Improving Health and Readiness Anytime, Anywhere—Always

Across AMSUS, DHA leaders further outlined the agency’s continuing efforts to transform the MHS and fulfill the agency’s mission to improve health and readiness for its more than 9.6 million beneficiaries.

Dr. Brian Lein, DHA Assistant Director of Health Care Administration, spoke about the vital need for standardization to stabilize the core of the MHS.

“You’ve heard from General Crosland about where she wants the organization to go, completely redesigning the system of how we deliver health care,” said Lein. “Standardization is the key to getting there quickly. Without standardization, you’re never going to get optimization.”

Naomi Escoffery, DHA’s chief innovation officer and deputy to the deputy assistant director of acquisitions and sustainment and chief accelerator oficer, talked about the improving the patient experience.

“We’re focused on a digital first, people-centered system of care,” said Escoffery. “We are utilizing technology that meets the patient’s where they are. You’ll hear often within the DHA that we’re bringing the hospital to the patient. That that’s our goal. That’s what we’re driving for. We want to create a space that’s simplified to amplify the patient experience.”

U.S. Air Force Col. Thomas Cantilina, Chief Health Informatics Officer, DHA, offered his perspective on lessons learned from the MHS GENESIS rollout and how these lessons factor into improving patient care.

MHS GENESIS is the Department of Defense’ single electronic health record that is now operational at all military hospitals and clinics worldwide after a phased deployment that started September 2019.

“We learned early on that implementing MHS GENESIS was a change management project, not an information technology management project. The difficult thing was changing that paradigm of what your workflow was,” said Cantilina. “If we want to adopt a new technology, we have to go back to the workflow.”

“Think about the concept of a workflow and integrating people into it. How do we make care easier for the patient to get what they need?” said Cantilina. “Not what you want to give them—what they need.”
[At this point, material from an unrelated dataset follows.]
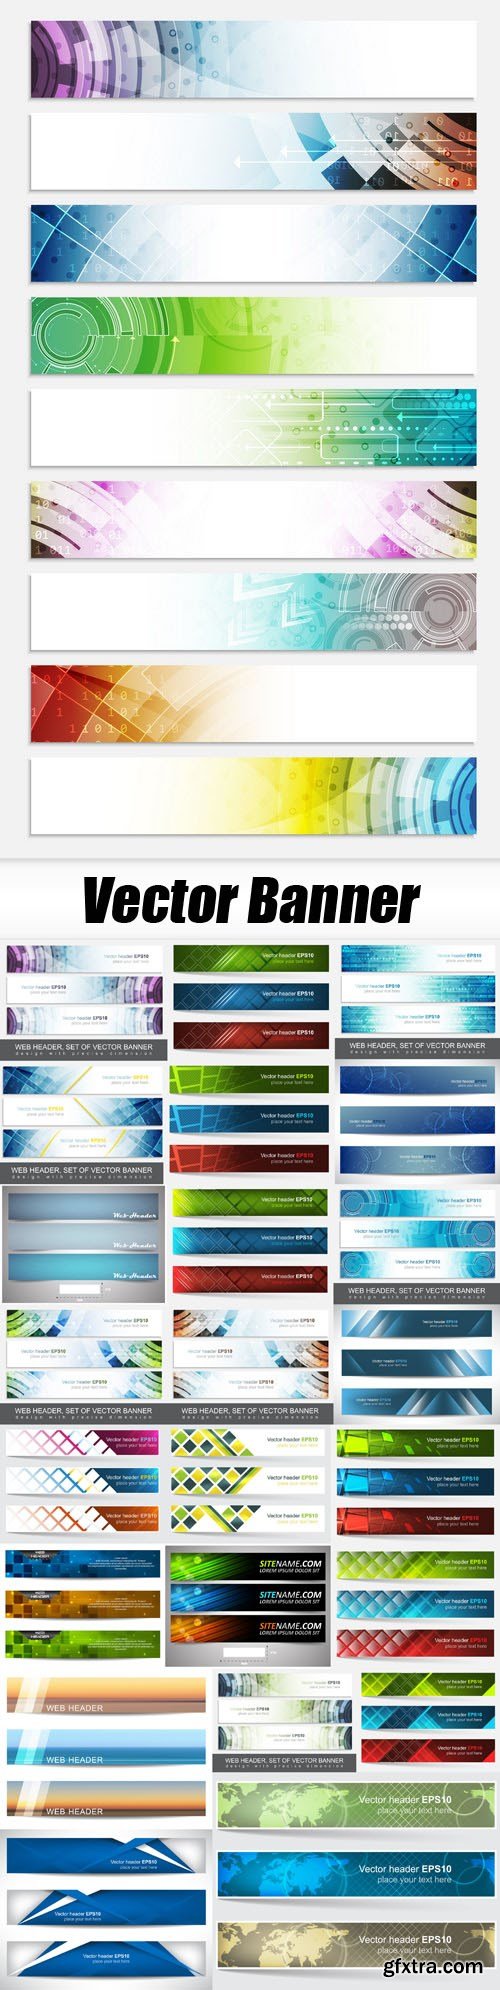 Vector Banner - 24xEPS

U.S. Navy Cap. Meghan Corso, chief of behavioral health clinical operations for the DHA, outlined DHA efforts to make best use of its behavioral health resources.

“We’ve started to recognize that some folks who need help may not have a diagnosable behavioral health condition, and may benefit from other services,” said Corso. “This approach allows us to look at the whole person to really meet their needs and achieve their goals.”

Corso is referencing the Targeted Care program, which matches individual needs to the appropriate mental health resource, whether a behavioral health consultant, mental health provider, family life counselor or other resources depending in the patient’s initial assessment.